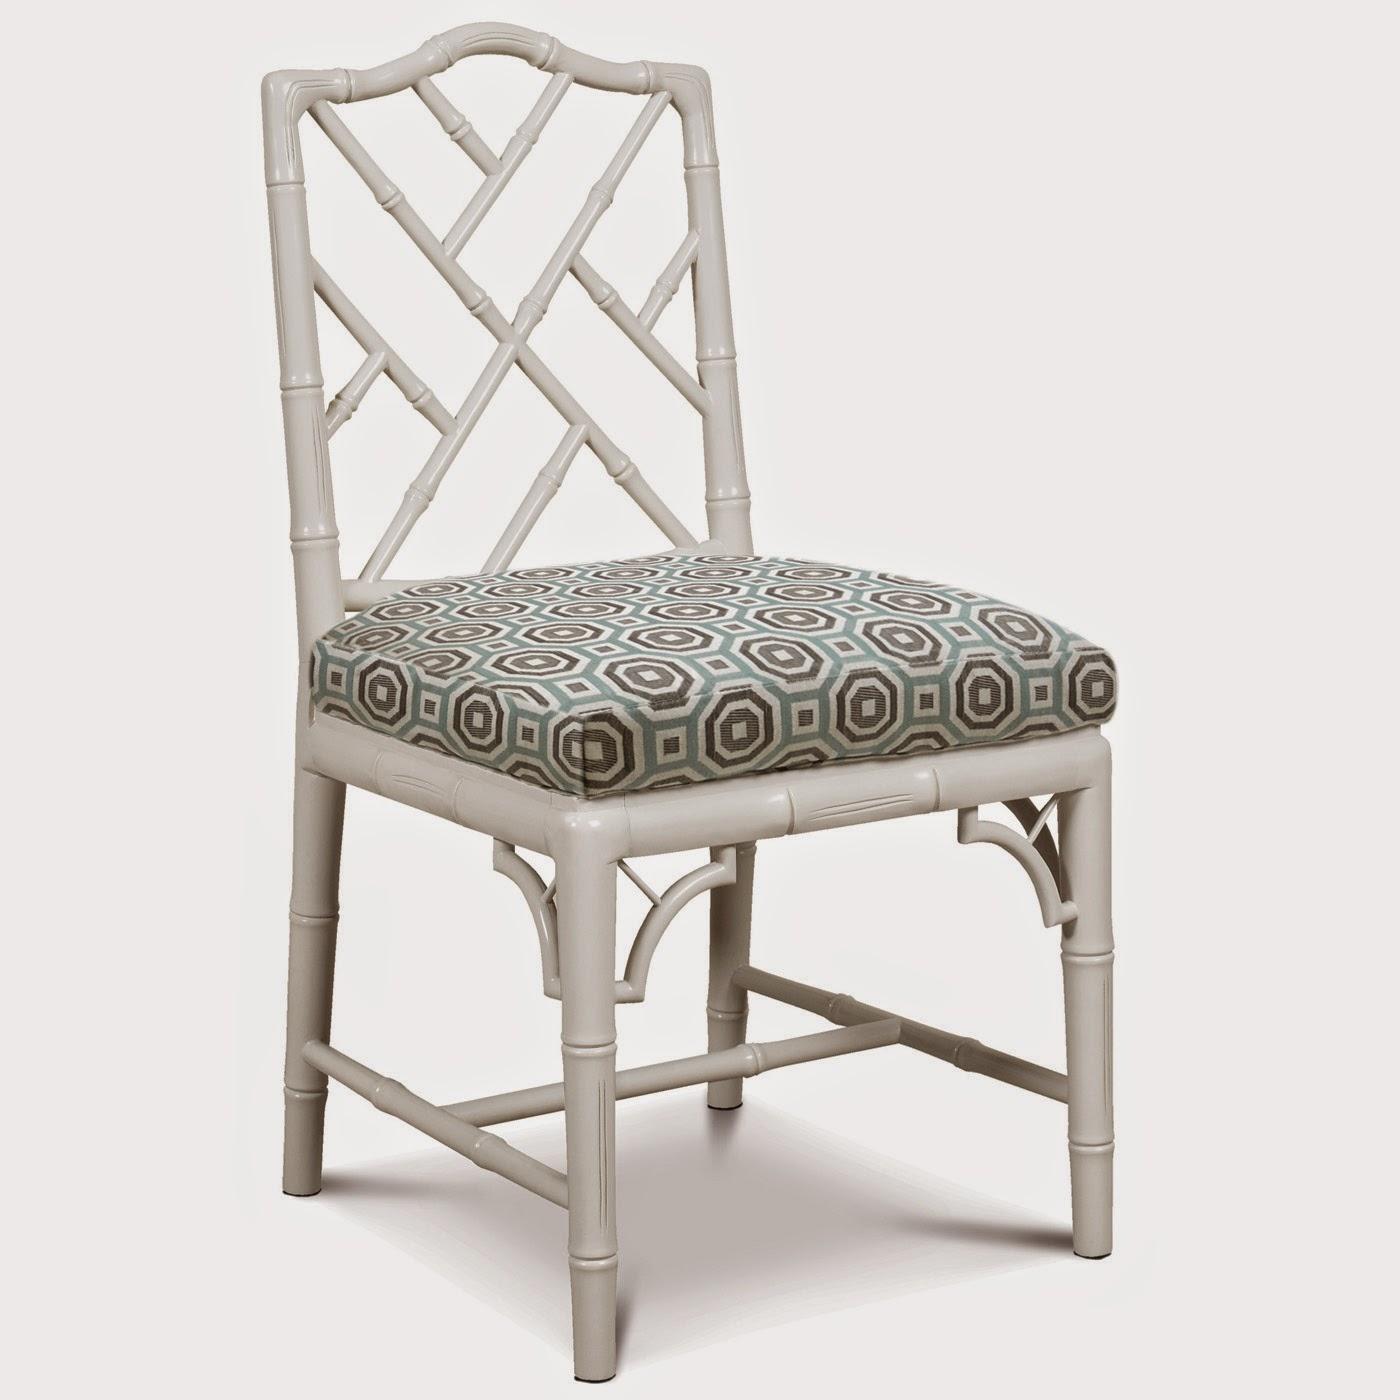 jonathan adler chair wobble research darya girina interior design color palette of
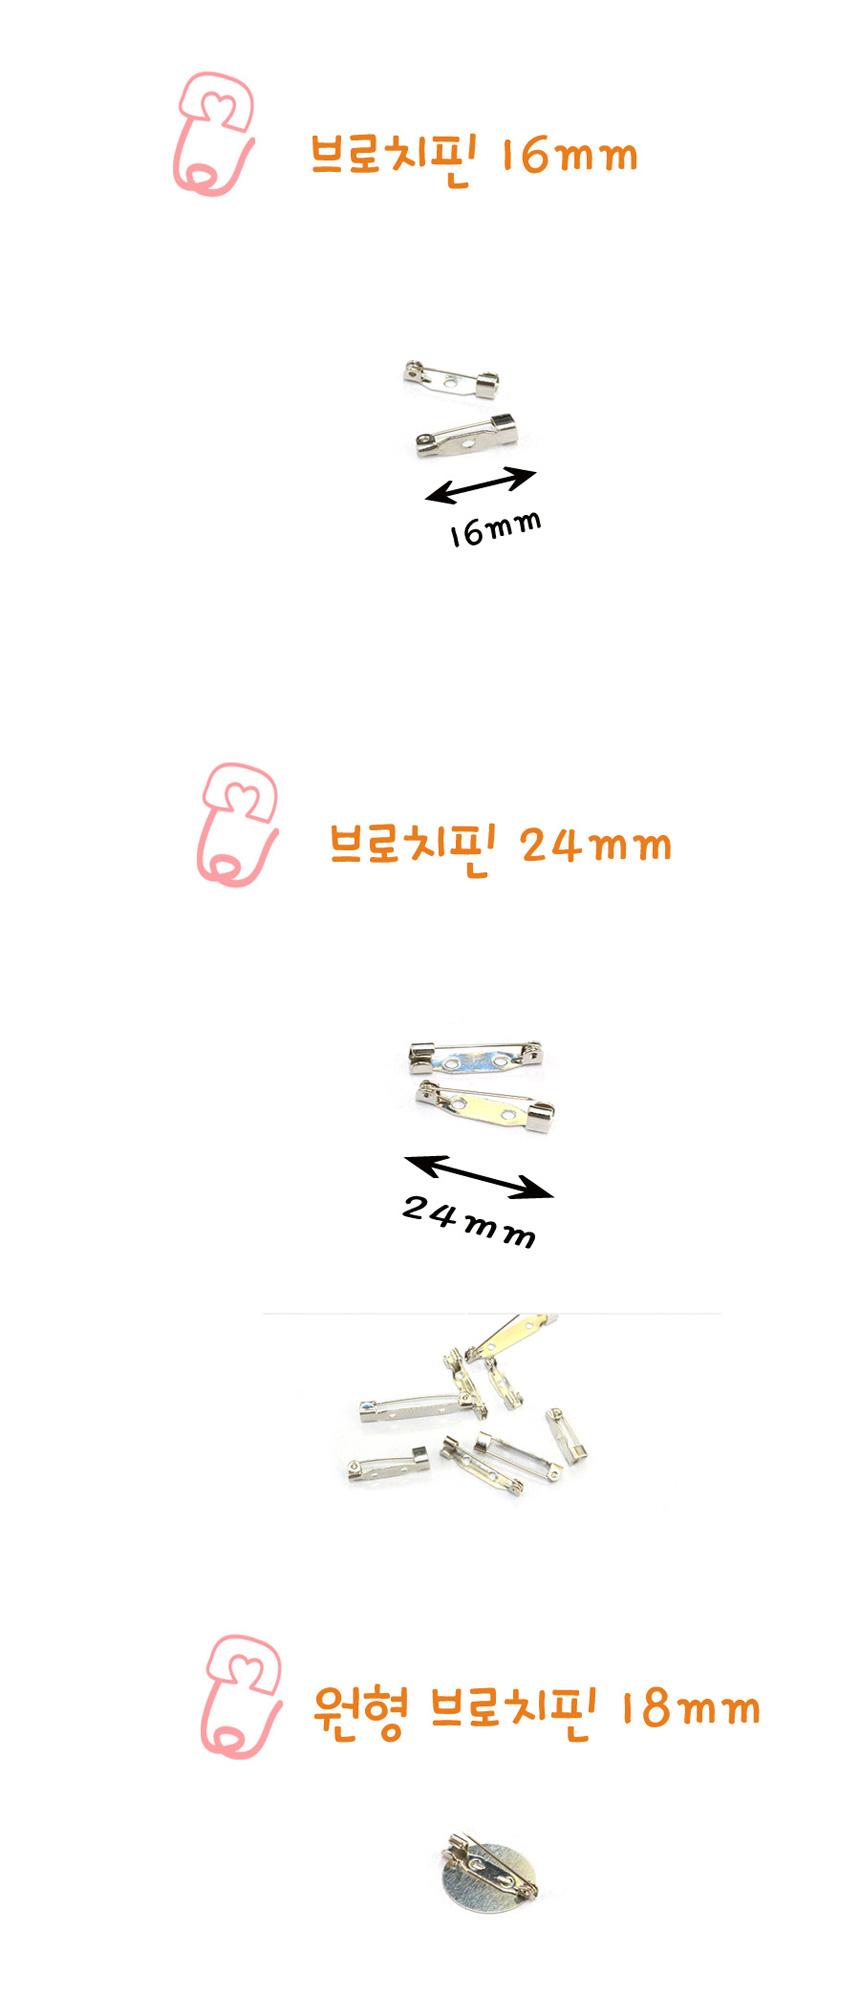 16mm 브로치핀 5ea - 홈질, 1,000원, 퀼트/원단공예, 펜/핀/부자재
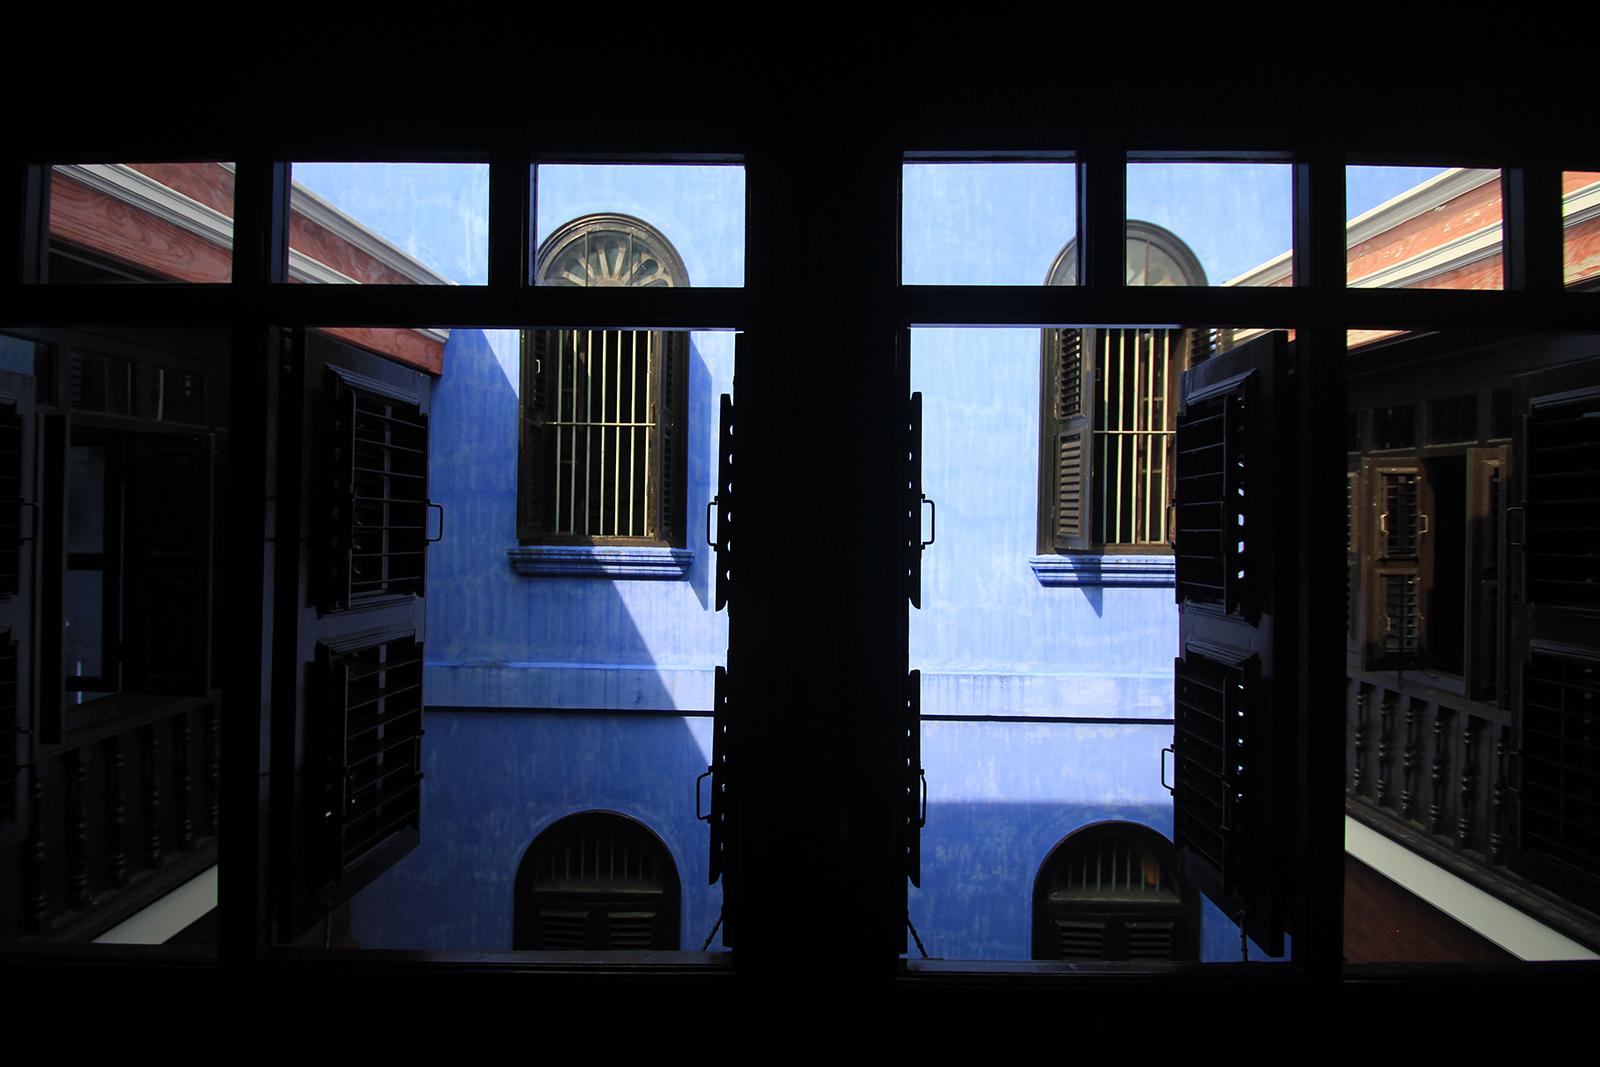 boutique-hotel-penang-island-blue-mansion-architecture-19 Architecture

## TASK DESCRIPTION
When you write out the material above, keep every line exact and drop each picture.

## OUTPUT FOR THIS TASK
 jonathan adler chair wobble research darya girina interior design color palette of
 16mm 브로치핀 5ea - 홈질, 1,000원, 퀼트/원단공예, 펜/핀/부자재
 boutique-hotel-penang-island-blue-mansion-architecture-19 Architecture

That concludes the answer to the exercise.